К разговору о ташкентском поезде, на котором Мария Иосифовна ехала со всеми вместе, мы подошли не сразу. Некоторое время крутились вокруг. Она рассказывала картинками. Вот Эйзенштейн в купе сидит и рисует смешные непристойные шаржи, вот Любовь Орлова договаривается с машинистами на каждой станции, чтобы поезд подолгу не стоял. А в другую сторону идут составы с оружием, жмутся друг к другу бойцы на продуваемых открытых платформах. Здесь шубки, шляпки, пестрота чемоданов с иностранными наклейками. Как всё это раздражало Марию Иосифовну! Как она хотела кинуться назад в Москву, защищать город от немцев! Но на руках двухмесячный младенец, который нуждался в ней, и крик мужа через все фронты: «Сохрани сына!» И почти в каждом письме он прибавлял: «Трусу и беглецу Луговскому привета не передавай».

Владимир Луговской. 1940

Луговской появился в Москве в начале июля. Он прихрамывал, опирался на палку, все время ходил в военной форме, в запыленных сапогах. Когда Мария Иосифовна встретила его в таком виде в третий раз, она не выдержала и закричала:

– Володя! Сними наконец сапоги!

Его историю можно было бы назвать трагикомической, если бы речь шла не о войне. Он давно примерял на себя маску поэта-воина. Запрещенный Гумилев был его кумиром с юношеских лет. Поэтическое вдохновение питали жаркие пограничные рейды в Средней Азии в погоне за басмачами или псевдоосвободительные походы по Прибалтике и Западной Украине. Всё это было приключением, которое не заканчивалось, оно превращалось в барабанный бой стихов, который наперебой повторяли его студенты – Симонов, Долматовский, Маргарита Алигер. Он был для них примером мужества и храбрости. И он честно 24 июня отправился к предписанному Союзом писателей месту службы – редакции фронтовой газеты в Пскове. Место это уже содрогалось от бомбежек, немцы занимали западные области. Открывшееся его взгляду было диаметрально противоположно его представлению о войне: бегущие войска и груды перекореженного железа, трупы женщин и детей. И непрерывные бомбовые удары, от которых некуда было деться.

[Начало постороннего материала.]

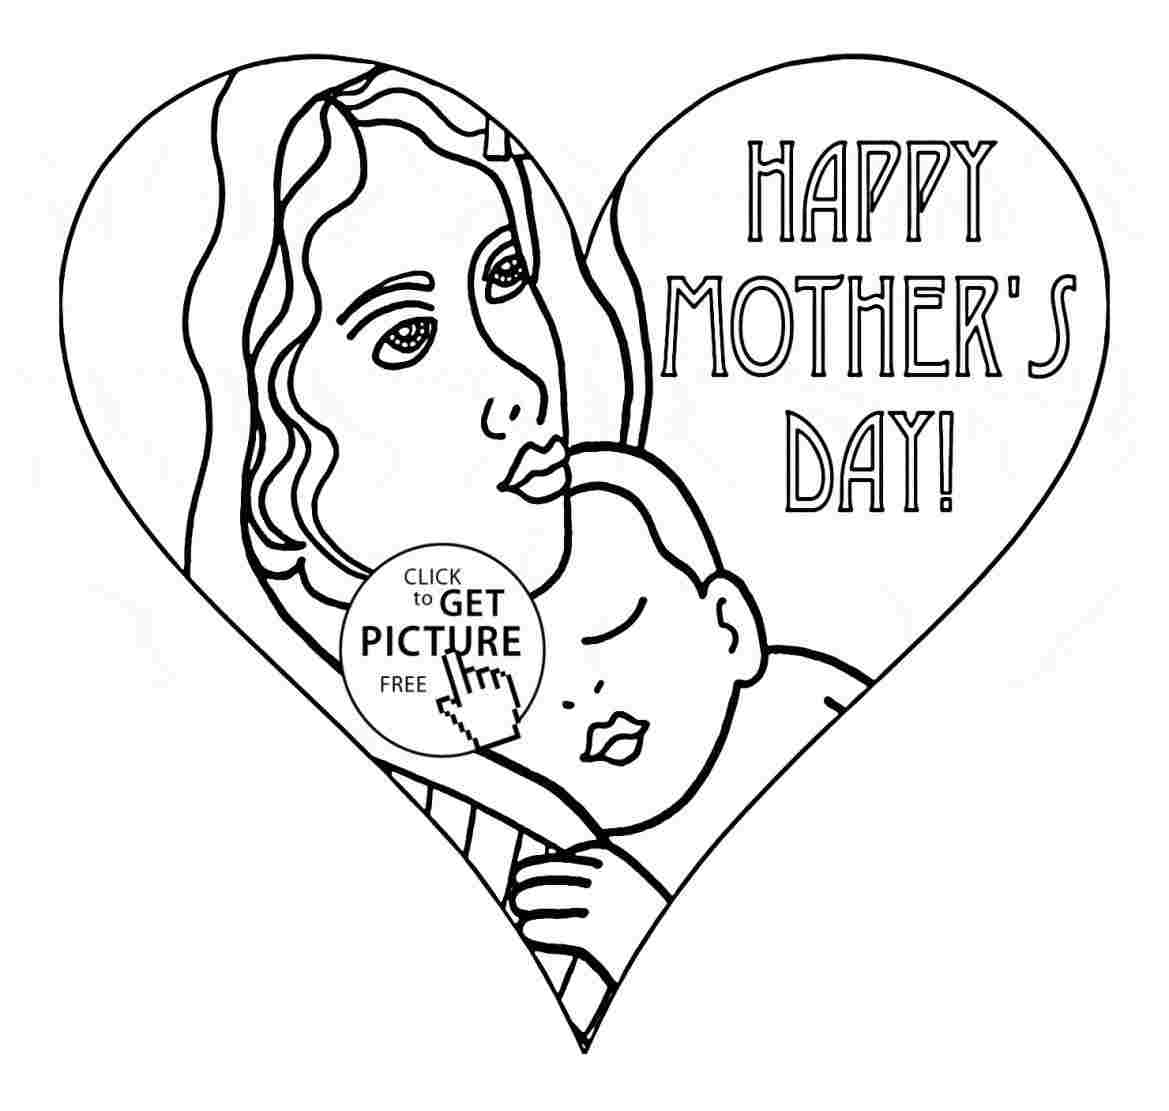 Happy Mothers Day Drawing Ideas - Happy Mothers Day Drawings.

Мария Иосифовна вспоминала, что в поезде он все время хотел с ней говорить. Она предполагала, что из-за Тарасенкова – тот был его старинным приятелем по журналу «Знамя», с первых дней войны – на фронте. Луговскому было бесконечно стыдно перед ней. Он много раз возвращался к истории своего «бегства». Всё пытался ей объяснить, что та катастрофа, когда он увидел не войну, а настоящий ад, изменила его абсолютно. Он не знал, что делать дальше, как ему быть с собой таким, каким он стал. Но теперь в его словах не было наигрыша, актерства. Тут надо добавить в его защиту, что он был комиссован, признан больным.

Спустя годы история с Луговским первых дней войны имела невероятное продолжение.

Однажды в музей Цветаевой, где я работала уже несколько лет, принесли картонную коробку, выброшенную на помойку. Люди, которые ее подобрали, решили, что обнаруженные в ней бумаги со стихами Марины Цветаевой, переписанными от руки, – автографы поэта, и захотели их продать музею. Но это была чья-то другая рука, бережно переписавшая стихи запретного поэта. Коробка осталась в музее, брошенная, как никому не нужный щенок. Это был архив забытого всеми журналиста газеты «Правда» Рудольфа Бершадского: тетради, письма, дневники, фотографии; связанные толстой бечевкой – блокадные дневники, письма сестры из лагеря. Я знала, что архив этот не жилец, и рассеянно перебирала маленькие записные книжки, заполненные разборчивым круглым почерком.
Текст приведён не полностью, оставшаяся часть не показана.